Not even a second after he disappeared—

Boom!

A figure descended from the sky, her voice cold from within the dust cloud.

"Gilgamesh! Who are you calling trash?!"

As the dust cleared, her form was finally revealed.

She had long black hair.

Her figure, though mostly slender like the Mesopotamian plains, had a slight curve to it.

Most notably—

Her clothes were rather revealing, almost like a modern short-sleeve and hot-pants combo.

Clearly designed to flaunt her charm.

Her long legs stretched out, bold and unrestrained, enough to stir any man's blood. And with her grand entrance, the bullet comments exploded,

AspiringPedo-[Holy crap, I could play with those legs for a whole year!]
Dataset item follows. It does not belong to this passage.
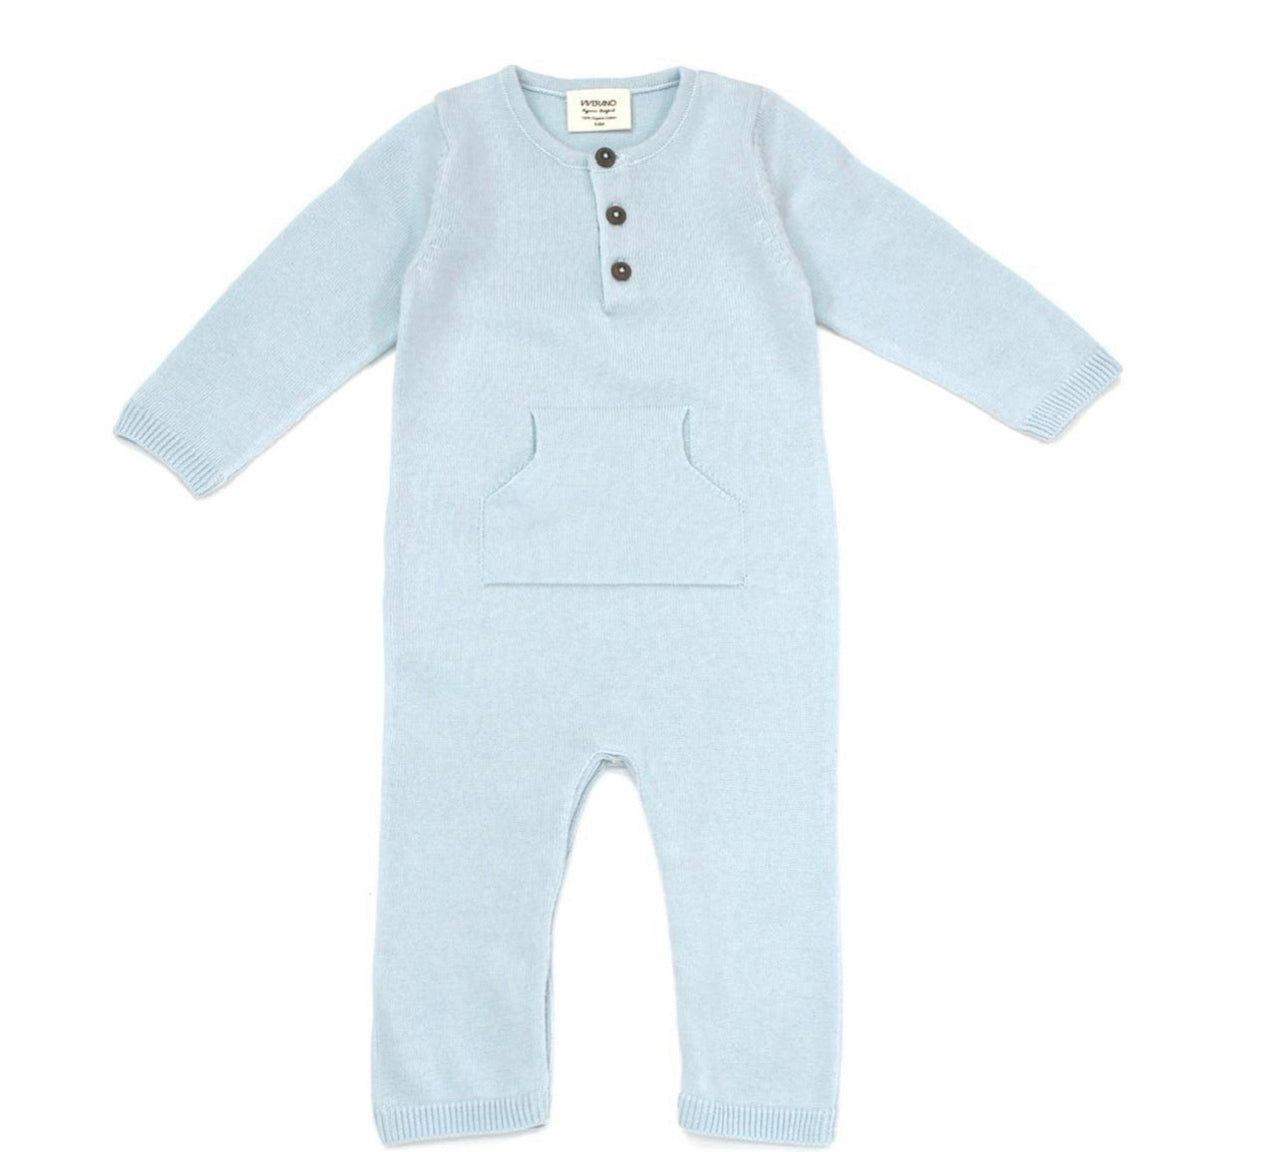 Milan Pastel Kangaroo Pocket Baby
Jumpsuit

FateShit-[So this is the goddess who tried to woo Gilgamesh in mythology? I'm in love!]

LoliConnoisseur-[Let go of that King of Heroes and give her to me!]

ICastFart-[Why do I feel like she's going to fall for Nameless instead?]

SinMommy-[Be bold—maybe she and Gilgamesh will both fight over Nameless?!]

"This goddess…"

Watching the video, Rin Tohsaka stared in stunned silence, her mouth agape, utterly shocked.

Because the goddess who just appeared—Ishtar—looked exactly like her!

Height, weight, facial features—identical.

Why does Ishtar look just like me?

A bold thought suddenly popped into Rin's mind—

Could I have been a goddess in my past life?